«Память на людей отличная!» — похвалил про себя Михаил Васильевич. Назарьева отозвал прораб, и Михаил Васильевич остался стоять на тропке, возле поваленной пихты. Он вспомнил, что в этих местах он до войны хаживал с ружьем, а под этой пихтой, может быть, отдыхал после охотничьей ходьбы. Машинально он поднял сломанную веточку, вдохнул смолистый запах ее мягких игл и рассеянно бросил. Им овладело вновь то же опьяняющее чувство свежести, что так властно ворвалось ему в грудь еще с утра. Оно жило в нем широко и свободно, и он вспоминал, когда оно впервые подняло его. Он вспомнил вечер шестого ноября, спокойный голос Сталина и то открытое до самых глубин чувство правды о заводе, о себе самом, которое распахнуло тогда все его существо.
Среди ночи вдруг зазвонил телефон.
В трубке послышался торопливый голос Назарьева:
— Михаил Васильич, Наркомат вызывает меня в Москву… Через час-полтора я улетаю и хотел бы зайти к вам, если позволите.
— То есть как это… в Москву? — опешил Пермяков.
— Ну да, самолетом.
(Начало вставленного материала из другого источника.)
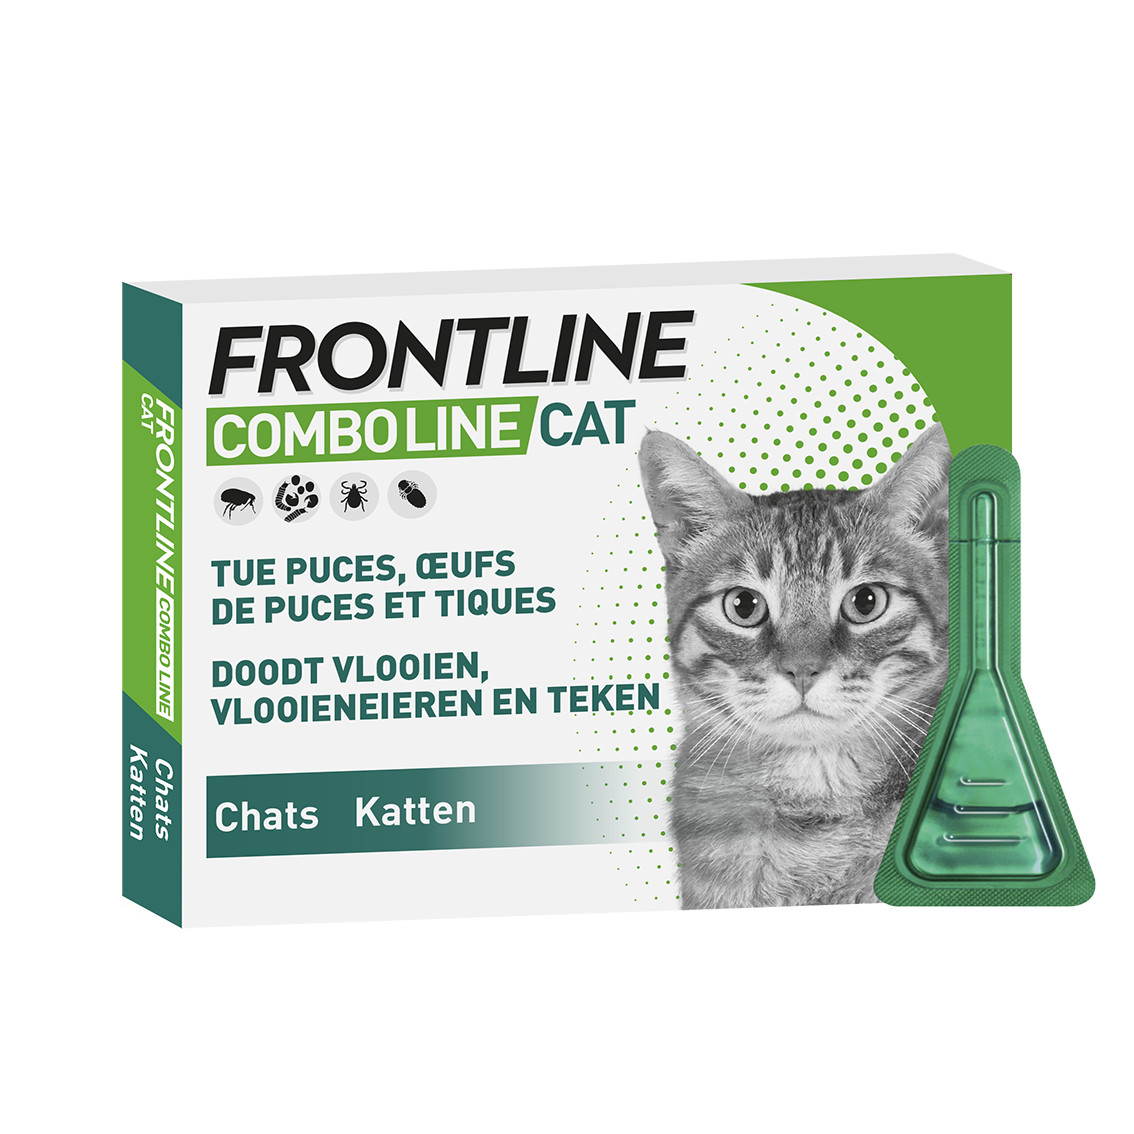 Frontline Comboline Cat Spot On Katze Gunstig

Я вам все сейчас расскажу.
Назарьев вошел в столовую.
— Как это так… вдруг? — спросил директор, сердито глянув на скромный, потертый чемодан из коричневой свиной кожи, поставленный Назарьевым у дверей.
— Да вот, совершенно неожиданное дело, представьте, — начал Назарьев. — Фронт двигается на запад, и в связи с этим в наркомате готовятся к работе по восстановлению заводов, а значит и нашего Кленовского завода. Словом, наркомат вызывает меня в Москву.
— Гм… сколько же времени вам придется там пробыть, в Москве-то?
— Ничего не могу сказать. Как только узнаю что-нибудь определенное, я тотчас же свяжусь с вами по телефону. А сейчас я забежал пожать вам руку и проинформировать вас о тех делах, которые оставляю, так сказать, на ходу.
Как всегда немногословно и точно, Николай Петрович рассказал директору о всех делах на заводе и на стройке, которые теперь предстояло решать Михаилу Васильевичу одному.
— Ну, теперь как будто все, — закончил Назарьев. — Будем надеяться, до скорого!
— Вы уж того, Николай Петрович… не вздумайте Урал бросать! — неловко пошутил Пермяков.
— Что вы? — серьезно улыбнулся Назарьев. — Урал — это мое второе рождение, было бы вам известно… Урал наш общий…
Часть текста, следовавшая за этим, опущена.